WHAT YOU SHOULD DO. Transcribe the listing exactly, so that nothing but the pictures is missing.
─── DATA SHOWN ───
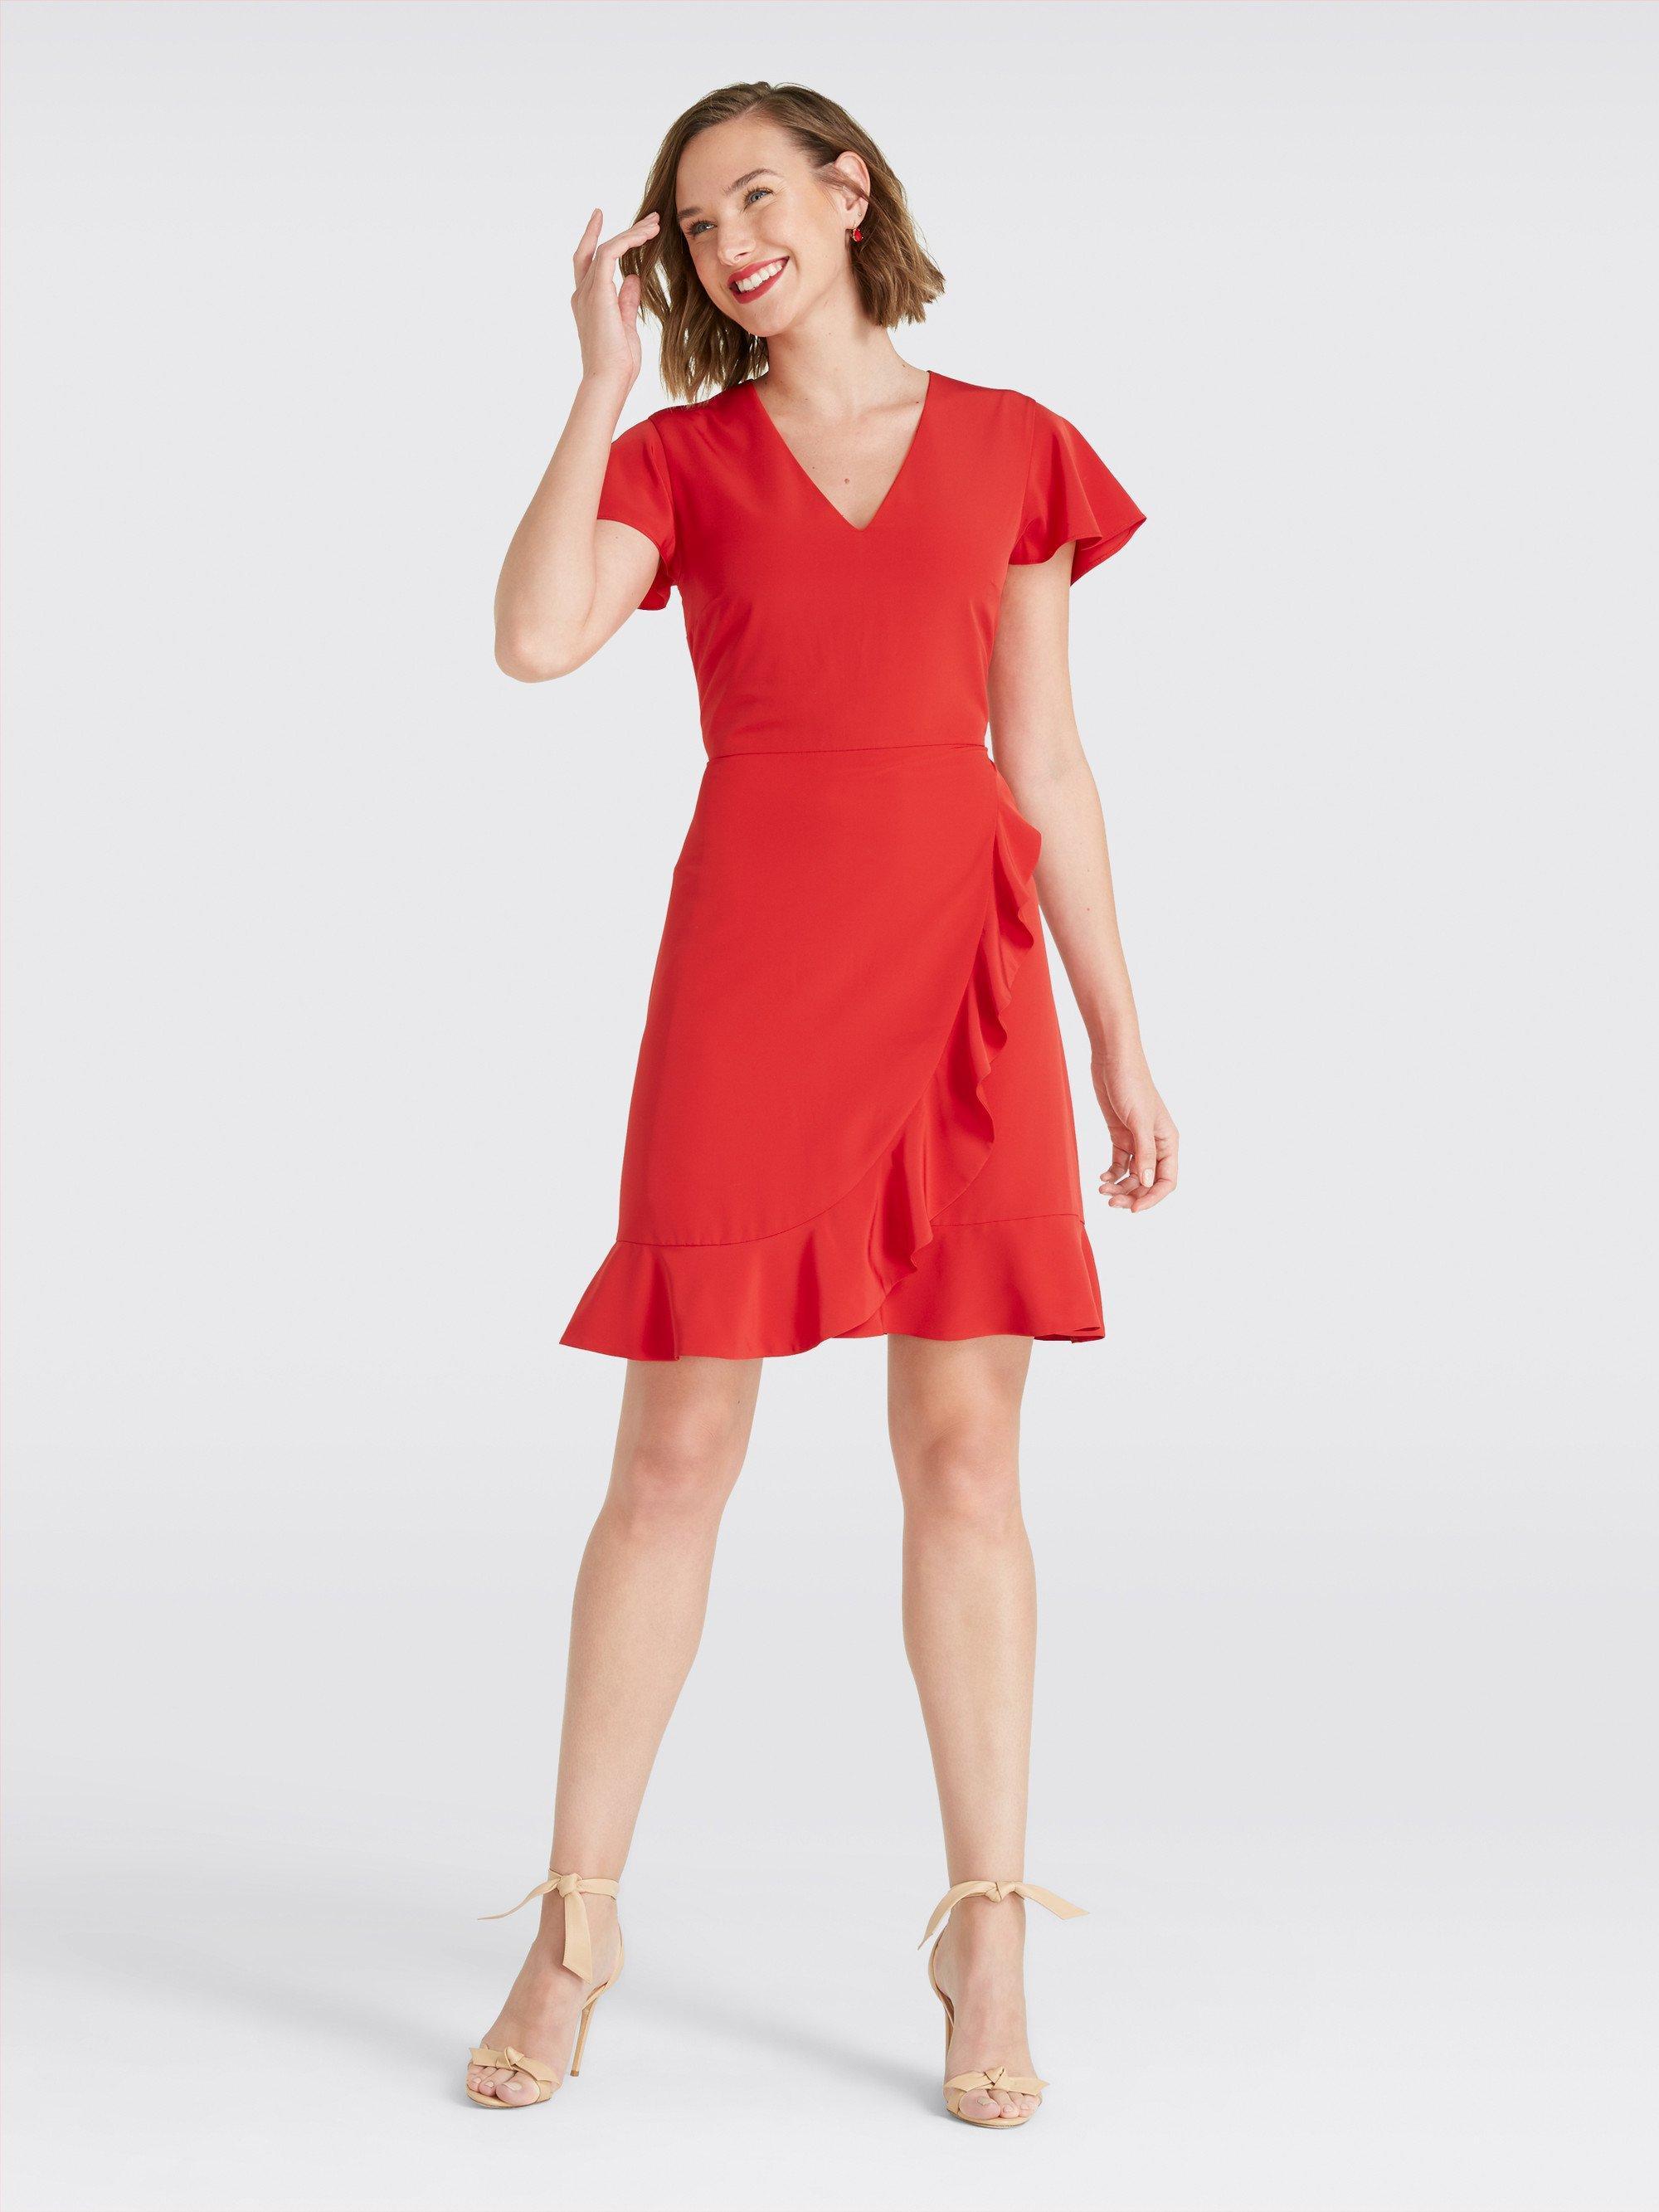 b7136b5544f Lyst - Draper James Solid Flutter Dress in Red - Save 19%
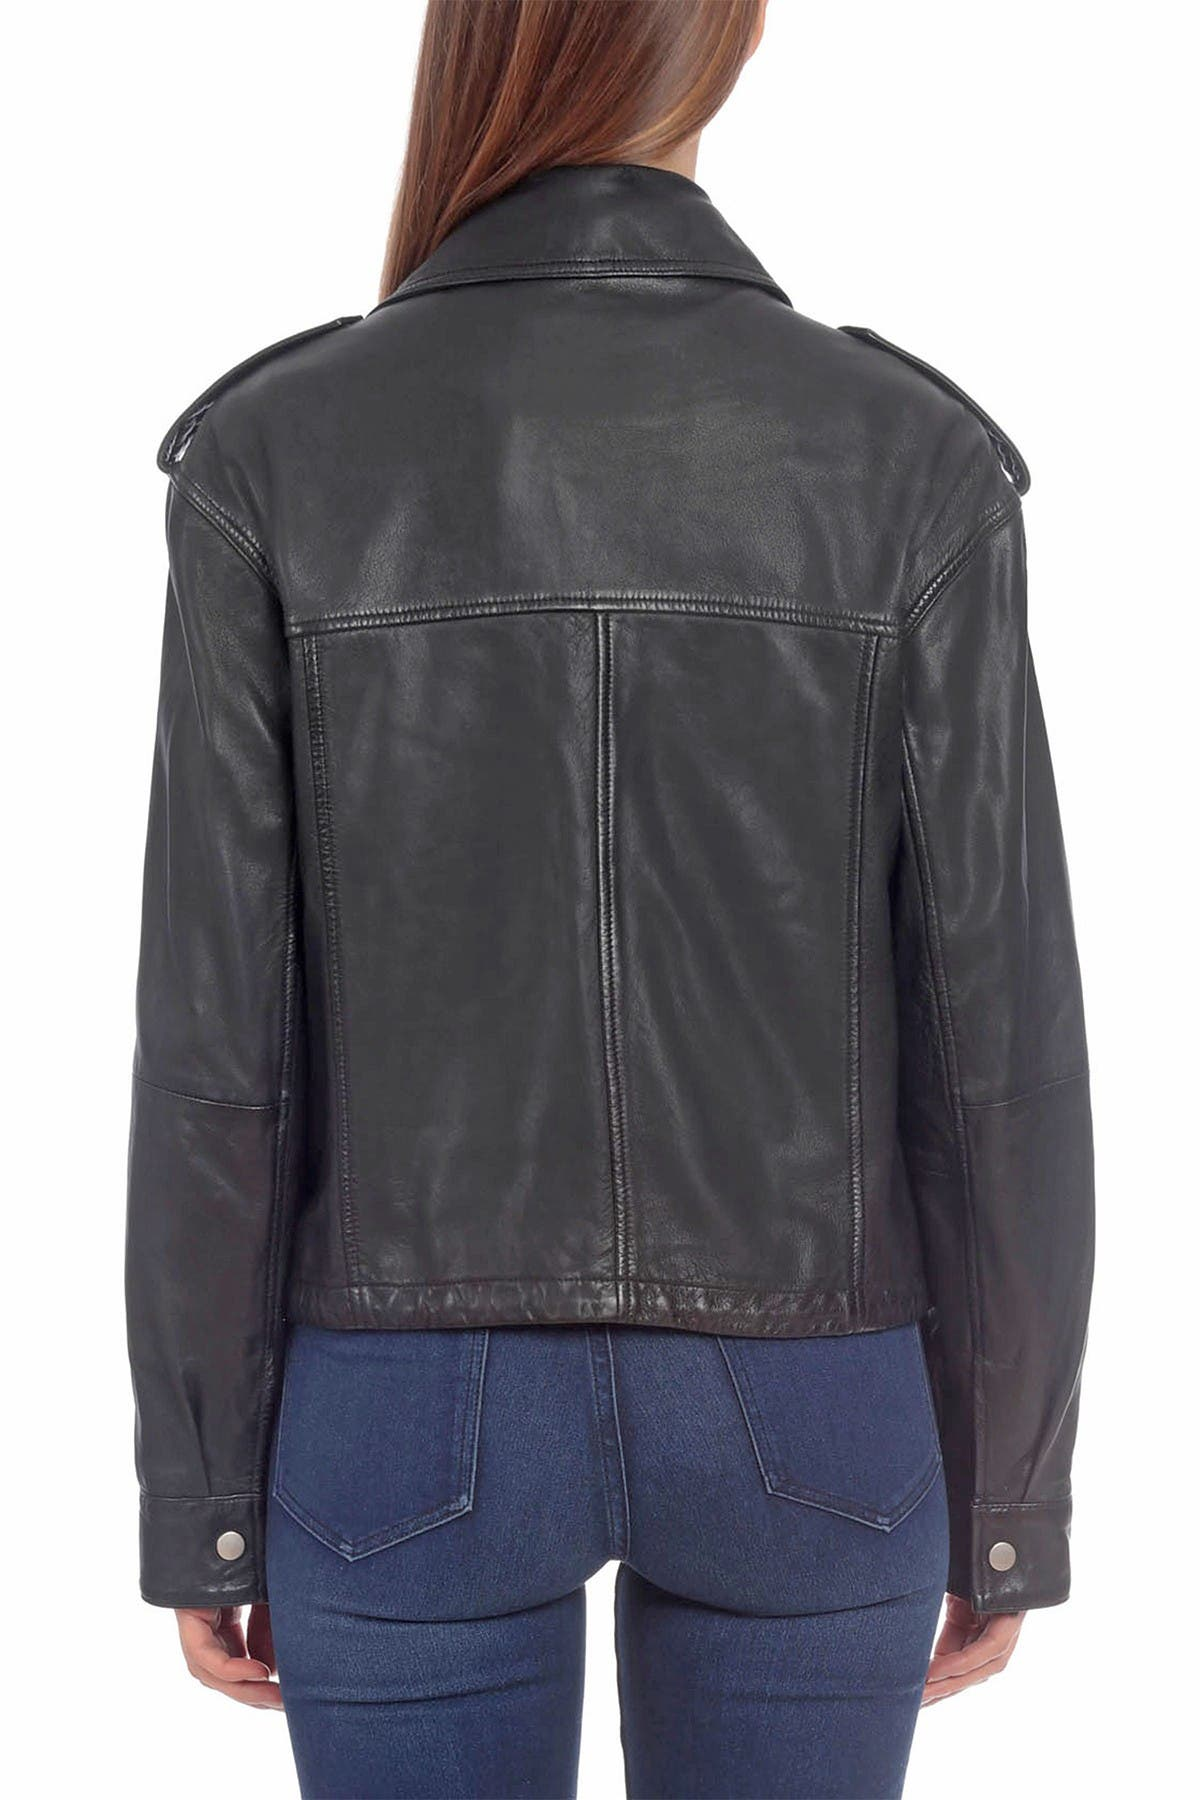 Image of Bagatelle Leather Army Jacket
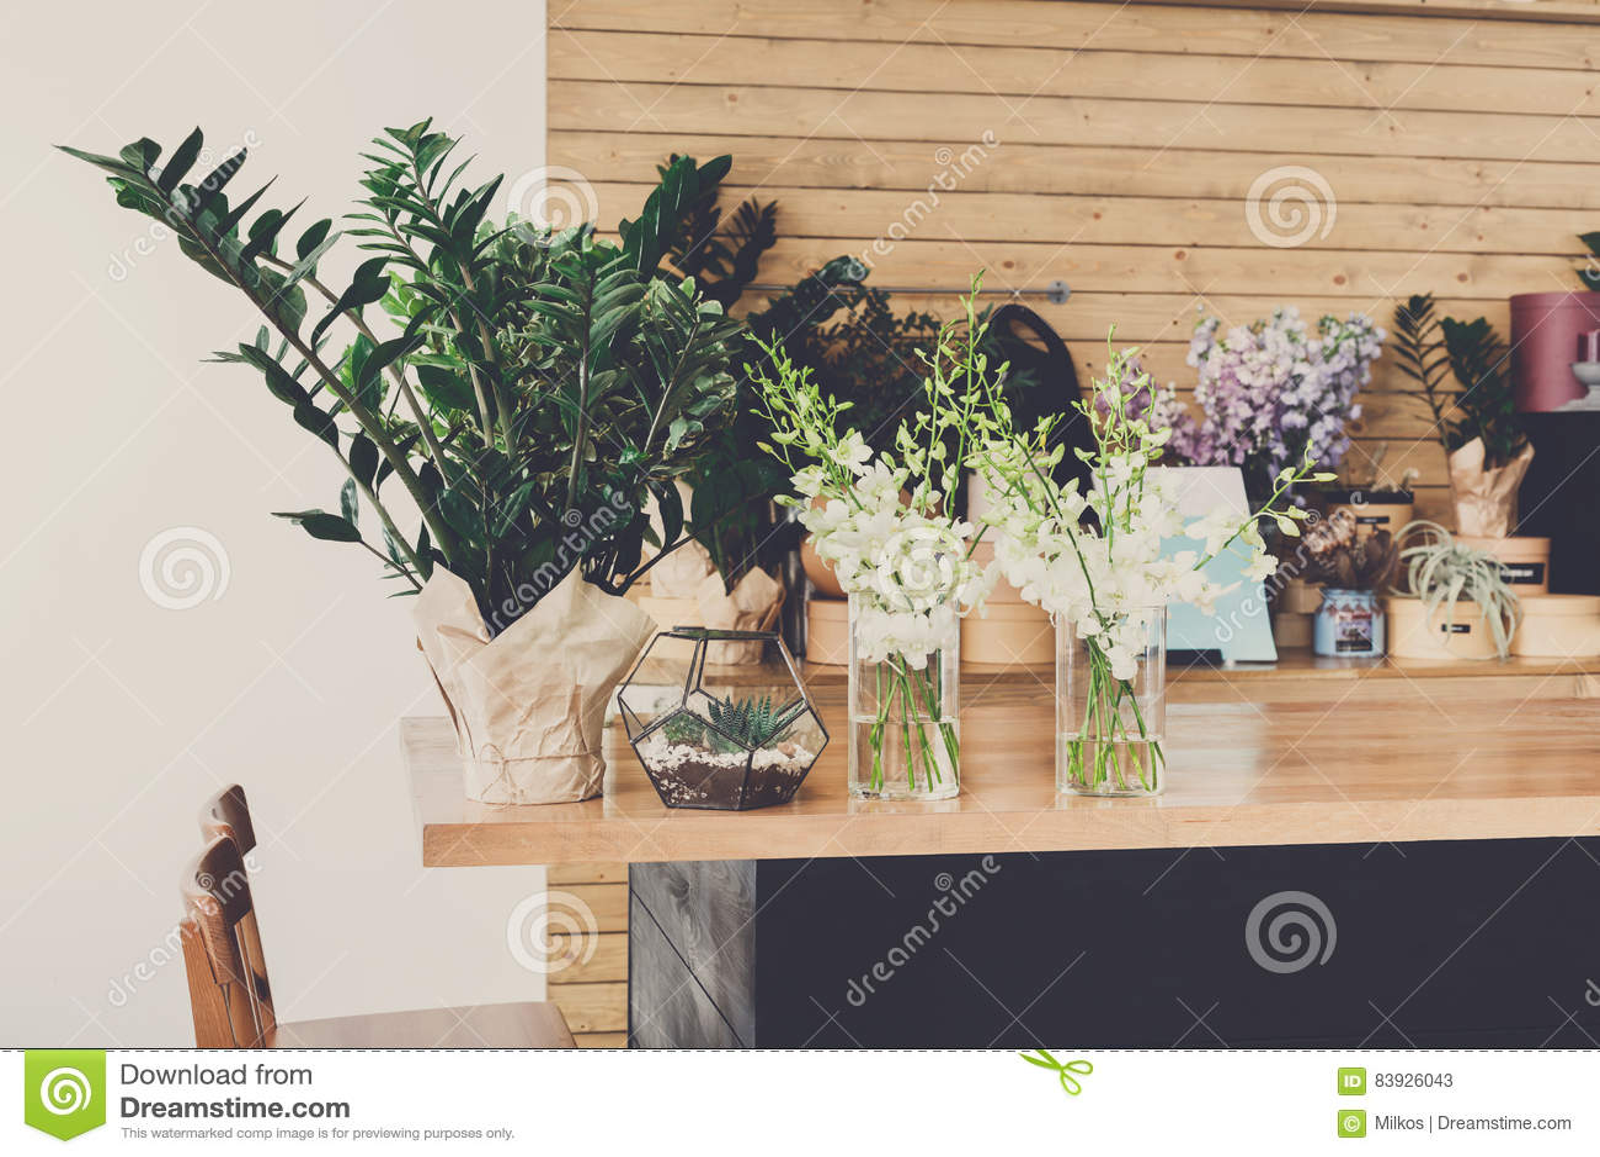 Flower shop interior, small business of floral design studio
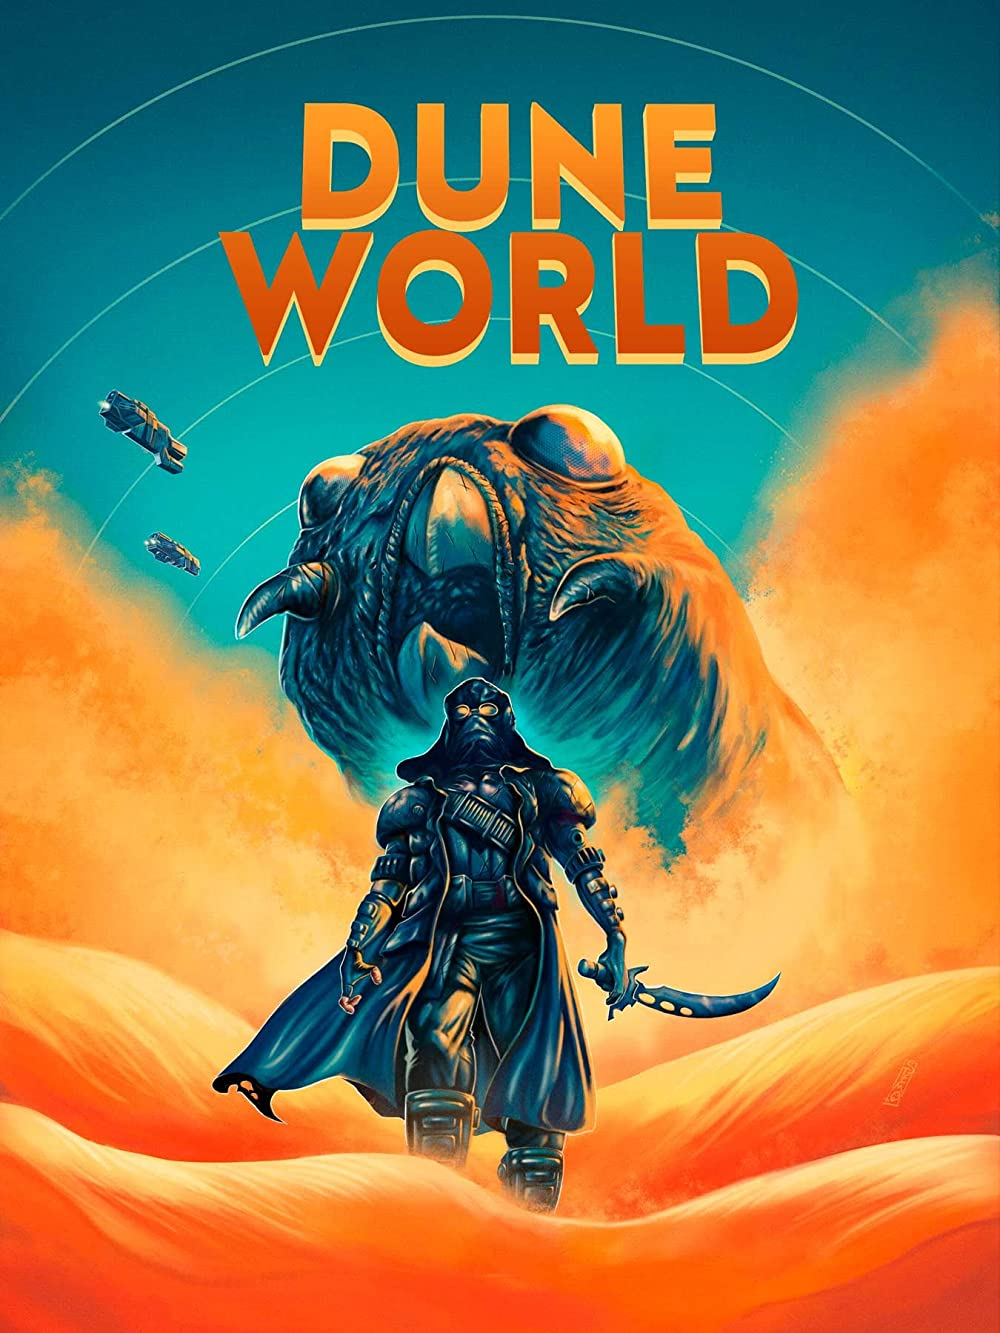 Dune World (2021) Full Movie [In English] With Hindi Subtitles | WebRip 720p [1XBET]
───
TASK RESPONSE.
 b7136b5544f Lyst - Draper James Solid Flutter Dress in Red - Save 19%
 Image of Bagatelle Leather Army Jacket
 Flower shop interior, small business of floral design studio
 Dune World (2021) Full Movie [In English] With Hindi Subtitles | WebRip 720p [1XBET]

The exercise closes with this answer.